Phosphodiesterase 4 regulates the migration of B16-F10 melanoma cells

Abstract

Phosphodiesterases (PDEs) are important regulators of signal transduction processes. Eleven PDE gene families (PDE1-11) have been identified and several PDE isoforms are selectively expressed in various cell types. PDE4 family members specifically hydrolyze cyclic AMP (cAMP). Four genes (PDE4A-D) are known to encode PDE4 enzymes, with additional diversity generated by the use of alternative mRNA splicing and the use of different promoters. While PDE4 selective inhibitors show therapeutic potential for treating major diseases such as asthma and chronic obstructive pulmonary disease, little is known concerning the role of PDE4 in malignant melanoma. In this study, we examined the role of PDE4 in mouse B16-F10 melanoma cells. In these cells, PDE4 activity was found to be ∼60% of total PDE activity. RT-PCR detected only PDE4B and PDE4D mRNA. Cell growth was inhibited by the cAMP analog, 8-bromo-cAMP, but not by the specific PDE4 inhibitors, rolipram and denbufylline, which increased intracellular cAMP concentrations.
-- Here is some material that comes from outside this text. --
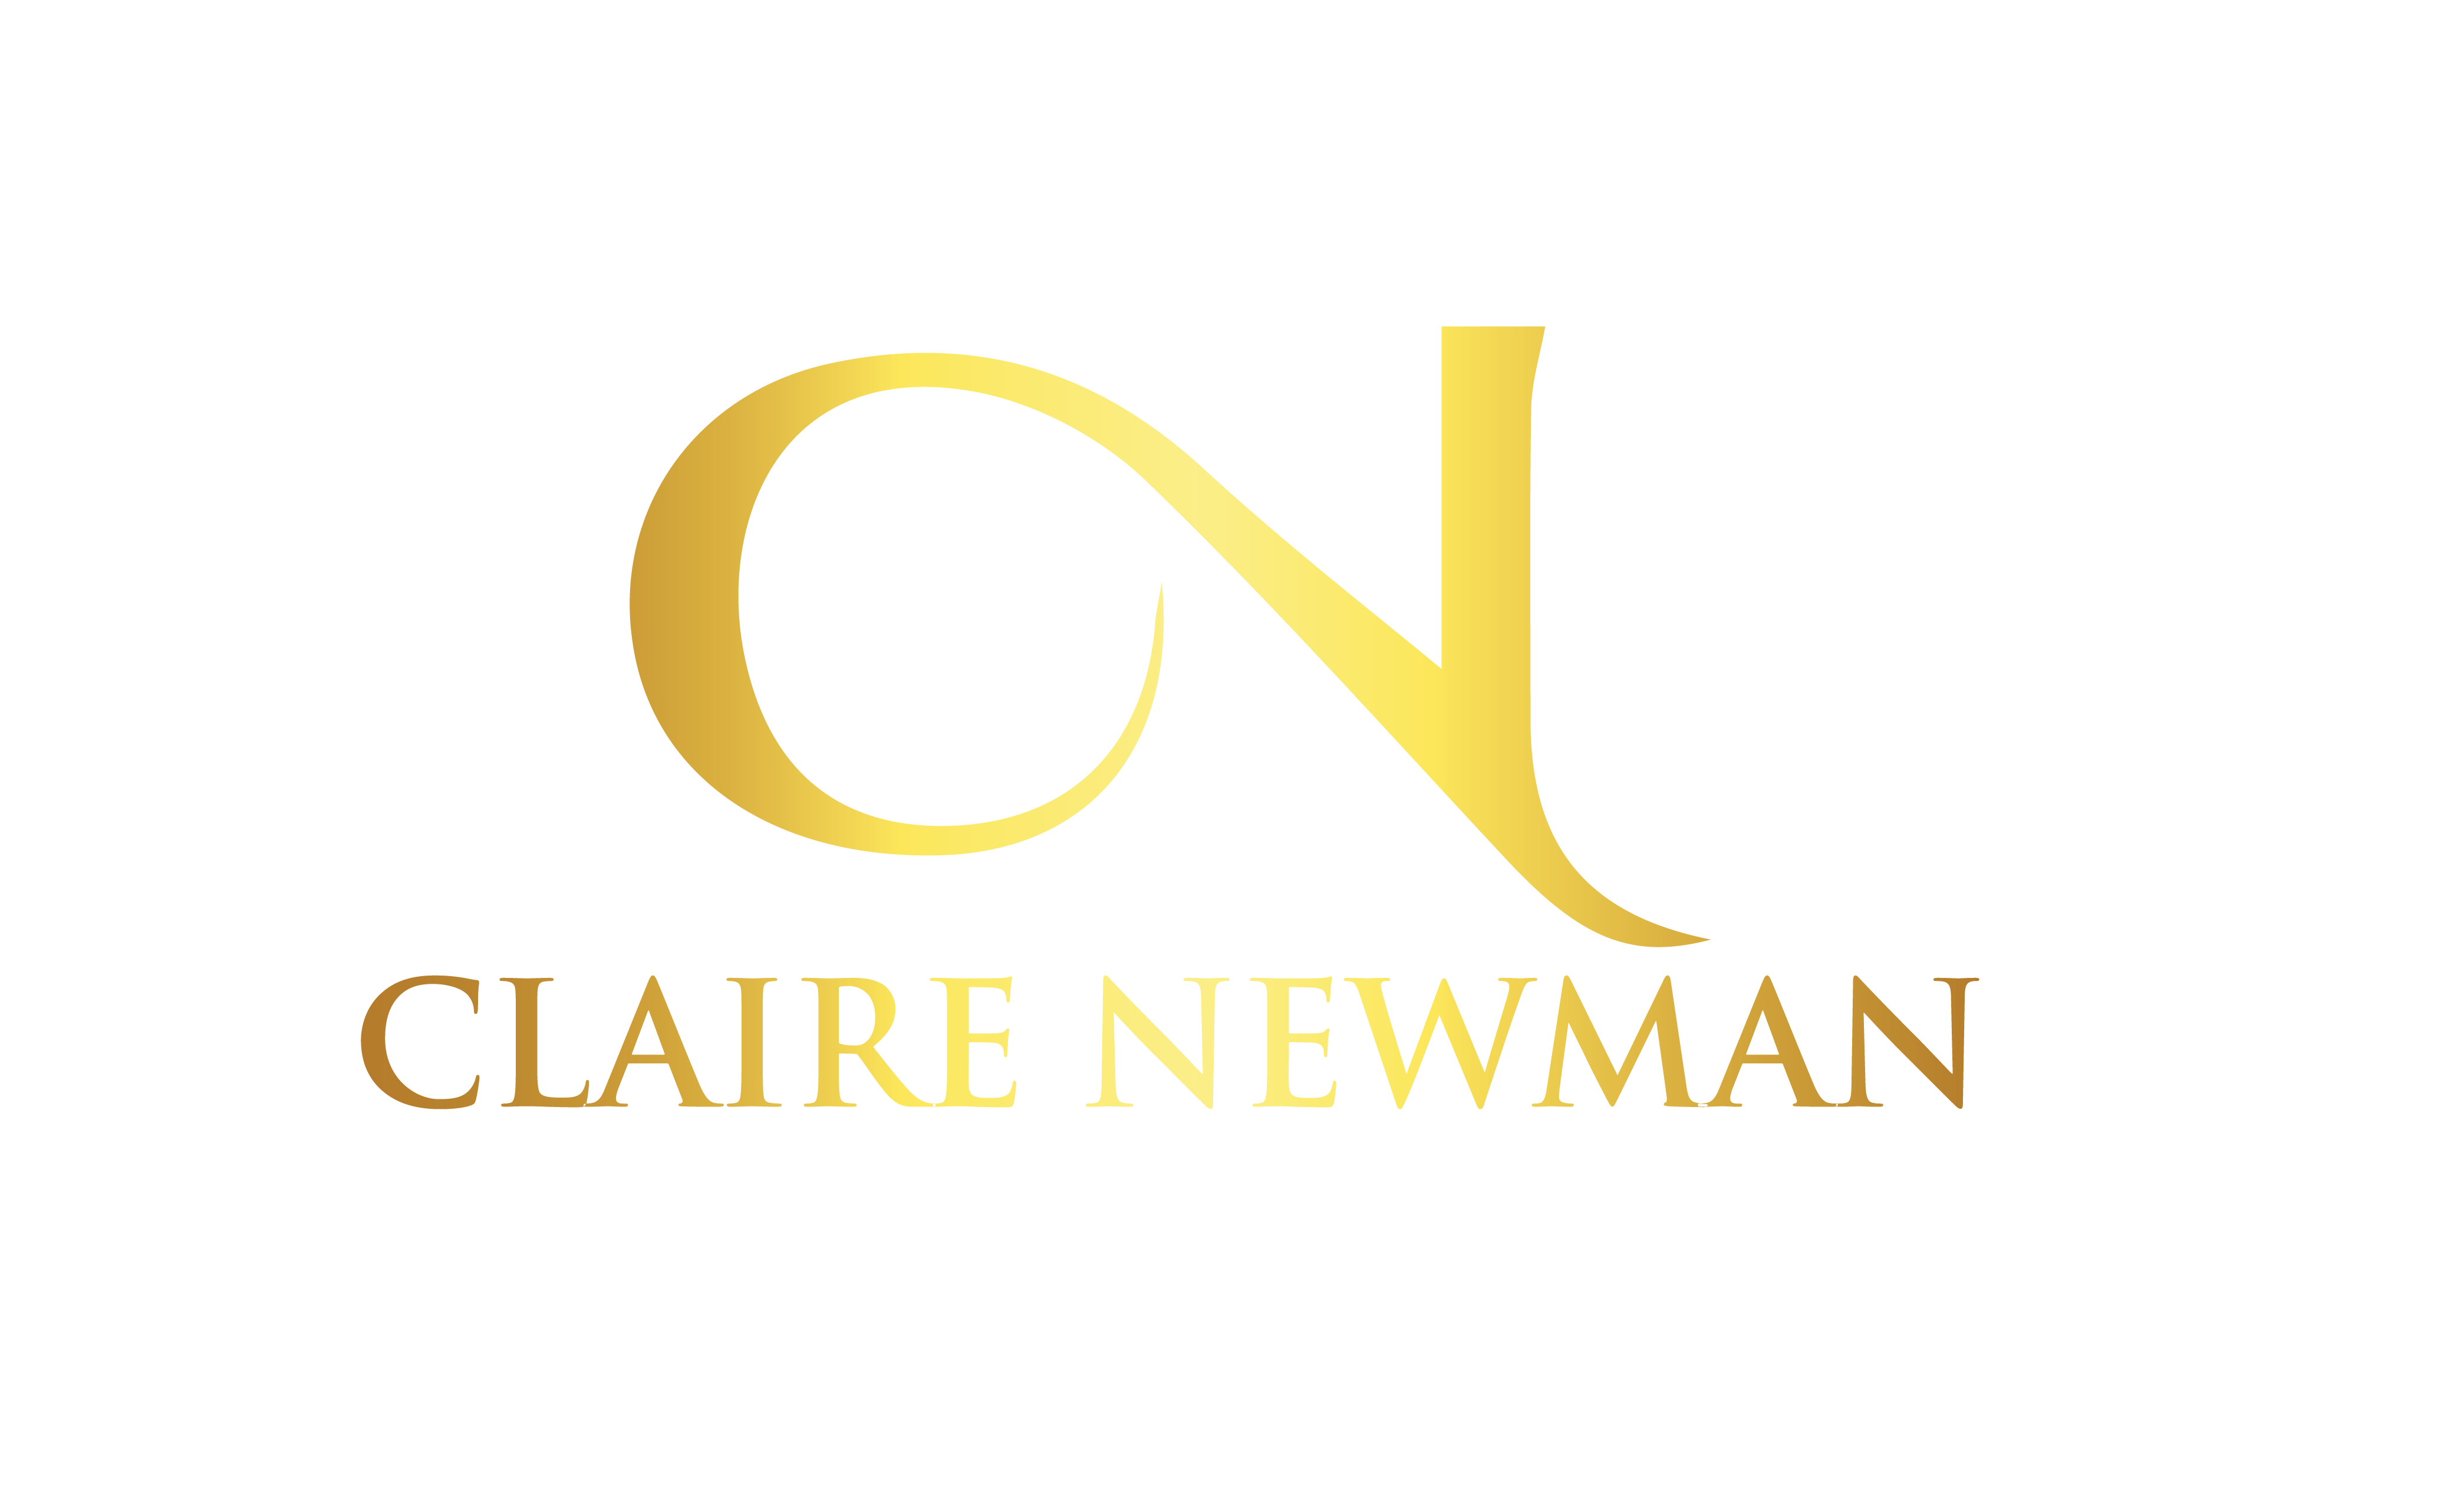 CLAIRE NEWMAN

Finally, migration of the B16-F10 cells was inhibited by the PDE4 inhibitors and 8-bromo-cAMP, while migration was increased by a protein kinase A (PKA) inhibitor, PKI(14-22), and was not affected by 8-pCPT-2'-O-Me-cAMP, which is an analog of exchange protein activated by cAMP (Epac). The inhibitory effect of rolipram on migration was reversed by PKI(14-22). Based on these results, PDE4 appears to play an important role in the migration of B16-F10 cells, and therefore may be a novel target for the treatment of malignant melanoma.

Figure 1.

PDE4 activity in B16-F10 cells. Homogenates were prepared and assayed for PDE activity with or without 10 μM rolipram as described in the materials and methods. The error bars represent the mean ± SD of three different experiments.

Figure 2.

mRNA expression of PDE4 isoforms in B16-F10 cells as determined by RT-PCR. (A) Expression of PDE4 mRNAs in B16-F10 cells. Molecular markers (M) and B16-F10 cell PDE4s (B16-F10): PDE4A (4A), PDE4B (4B), PDE4C (4C) and PDE4D (4D). Positive controls (P.C.) were also used: mouse heart PDE4A (4A) and mouse kidney PDE4C (4C). (B and C) Expression of PDE4B2 and PDE4D5 splice variant mRNAs in B16-F10 cells. Molecular markers (M), B16-F10 cell PDE4B2 (4B2) and PDE4D5 (4D5) are indicated.

Figure 3.

PDE4 inhibitors do not affect B16-F10 cell growth. Cells were plated in 96-well plates and cultured with different concentrations as indicated of the following reagents: (A) 8-Br-cAMP, (B) rolipram and (C) denbufylline. The error bars represent the mean ± SD of three different experiments. The treatments that differed significantly from the control are noted (^*P<0.05). Effects of (D) rolipram and (E) denbufylline on intracellular cAMP concentration. cAMP concentration was measured as described in Materials and methods. Values represent the mean ± one-half of the range of two independent experiments.

Figure 4.

Role of PDE4 in B16-F10 cell migration. B16-F10 cells were transferred to inserts for migration assays as indicated in Materials and methods. Inserts were incubated with different concentrations of the reagents: (A) 8-Br-cAMP, (B) rolipram and (C) denbufylline. The cells were counted as described in Materials and methods. The error bars represent the mean ± SD of three different experiments. The treatments that differed significantly from the control are noted (^*P<0.05).

Figure 5.

Downstream PKA signaling mediates the effects of PDE4 on B16-F10 cell migration. The cells were transferred to inserts for migration assays with indicated concentrations of the following reagents: (A) PKI_14–22, (B) 8-pCPT-2′-O-Me-cAMP and (C) rolipram with or without PKI_14–22. The cells were counted as described in Materials and methods. The error bars represent the mean ± SD of three different experiments. (A and B) The treatments that differed significantly from the control are noted (^*P<0.05). (C) Rolipram (50 μM) plus PKI_14–22 (20 μM) is compared with rolipram (50 μM) without PKI_14–22 (*P<0.05).